Invitée au Junges Theater de Göttingen, Barbara compose pour ce dernier Göttingen, qui, après Nantes, impose définitivement au grand public l'univers de cette femme fragile, à la sensualité trouble, à la voix frêle et à la diction soignée. Triomphant à Bobino (1964-1965), puis à l'Olympia (1968-1969), elle fait aussi la conquête de Milan, du Canada, de l'URSS, du Japon..., tandis que d'autres titres immortalisent son répertoire : Si la photo est bonne (1965), Ma plus belle histoire d'amour c'est vous (1966), la Longue Dame brune (1969), Moi je m'balance (Georges Moustaki, 1970), l'Aigle noir (1970).
La fin de carrière
Barbara tourne pour le cinéma : la Fiancée du pirate (Nelly Kaplan, 1969), Aussi loin que l'amour (Frédéric Rossif, 1971), Franz (premier film de Jacques Brel, dont elle est la partenaire, 1971), l'Oiseau rare (Jean-Jacques Brialy, 1973), Je suis né à Venise (Maurice Béjart, 1976).
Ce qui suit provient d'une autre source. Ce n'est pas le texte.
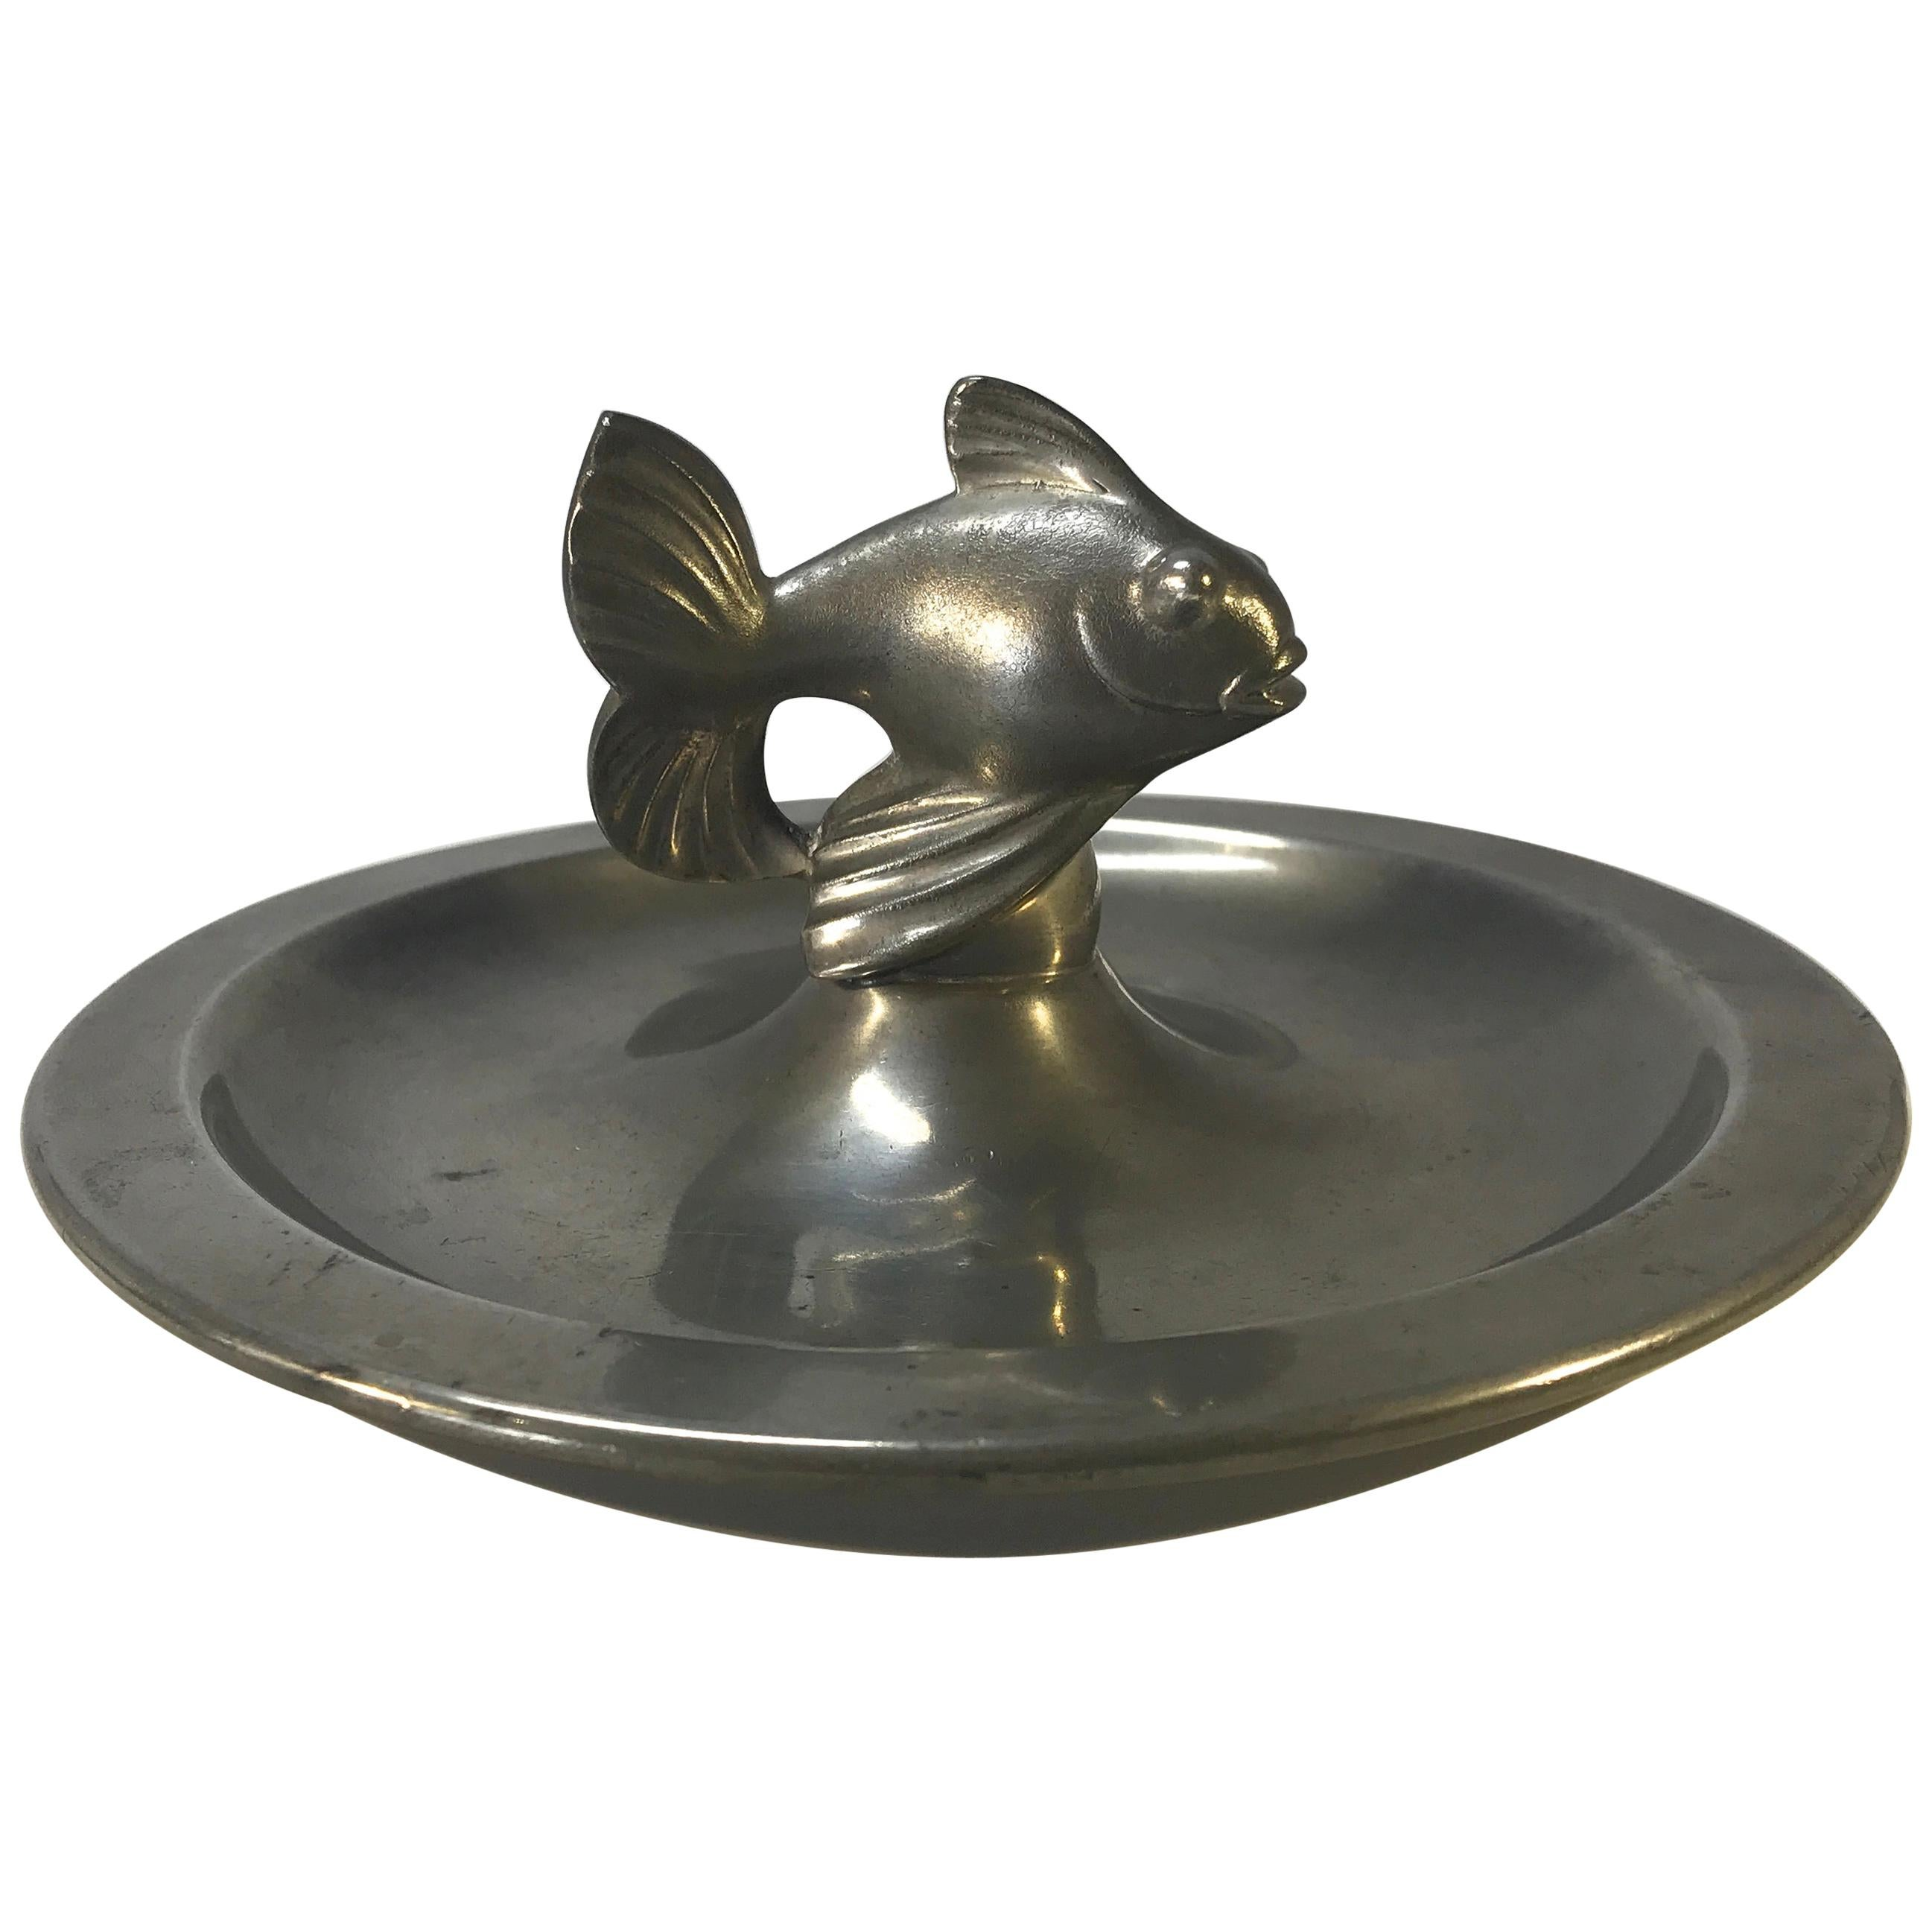 Just Andersen, Denmark 1930s Art Deco Pewter Stylized Fish Vide Poche #1656P

Mais, en 1970, elle a été marquée par l'échec commercial de l'adaptation qu'elle a faite d'une pièce de Rémo Forlani, Madame, et par celui de son dernier album, malgré certaines recherches pour diversifier son style : Elle vendait des p'tits gâteaux et les Amis de Monsieur (1968).
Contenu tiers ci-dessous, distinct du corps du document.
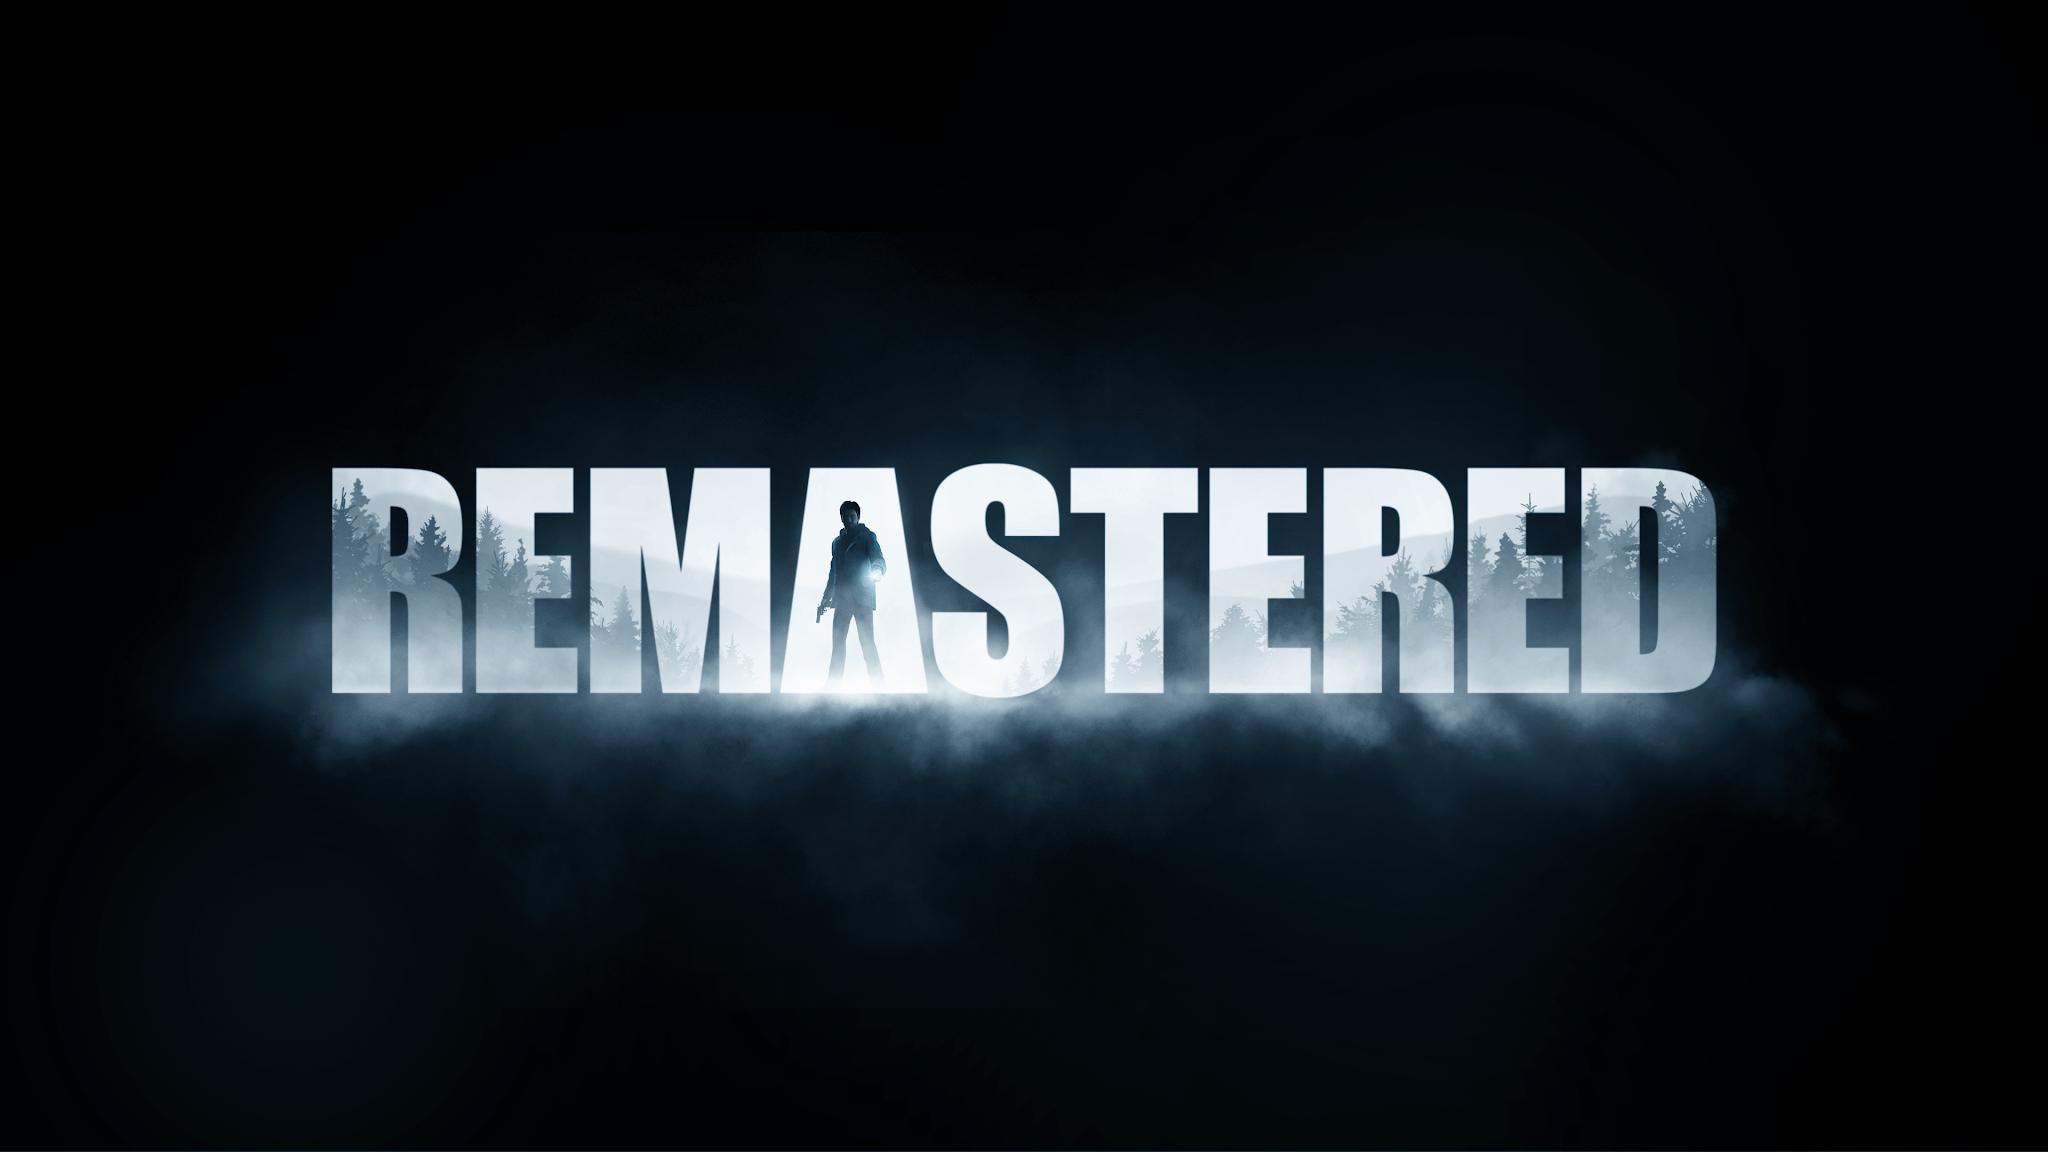 AlanWakeRemastered1

La Louve (1973), orchestrée par William Sheller, coïncide avec son éloignement de Paris. Barbara entreprend plusieurs tournées (Belgique, Suisse, Israël, Canada, Japon...). Après son album Seule (1981), elle triomphe à l'hippodrome de Pantin et dédie la chanson Regarde au président François Mitterrand (1981). Elle monte ensuite Lily Passion sur la scène du Zénith, où elle joue aux côtés de Gérard Depardieu (1986). La même année, au Metropolitan Opera de New York, Mikhaïl Barychnikov improvise des chorégraphies, tandis qu'elle chante la Cantate et le Mal de vivre. Dès 1987, elle s'engage dans la lutte contre le sida, avec Sid'amour à mort. En 1990, au théâtre Mogador, elle chante Gauguin (« Lettre à Jacques Brel »), les Enfants de novembre et Vol de nuit. C'est lors d'un récital au Châtelet, en 1993, qu'elle doit s'interrompre pour raisons de santé.
Malgré son amour du public, Barbara raréfie ses apparitions sur scène. Après une éclipse discographique de seize ans, elle sort le treizième album de sa carrière, simplement intitulé Barbara, en 1996. L'année suivante, le monde du spectacle salue son immense talent en lui décernant, pour la seconde fois, le trophée des Victoires de la musique. L'artiste laisse un récit autobiographique, Il était un piano noir..., publié à titre posthume en 1998.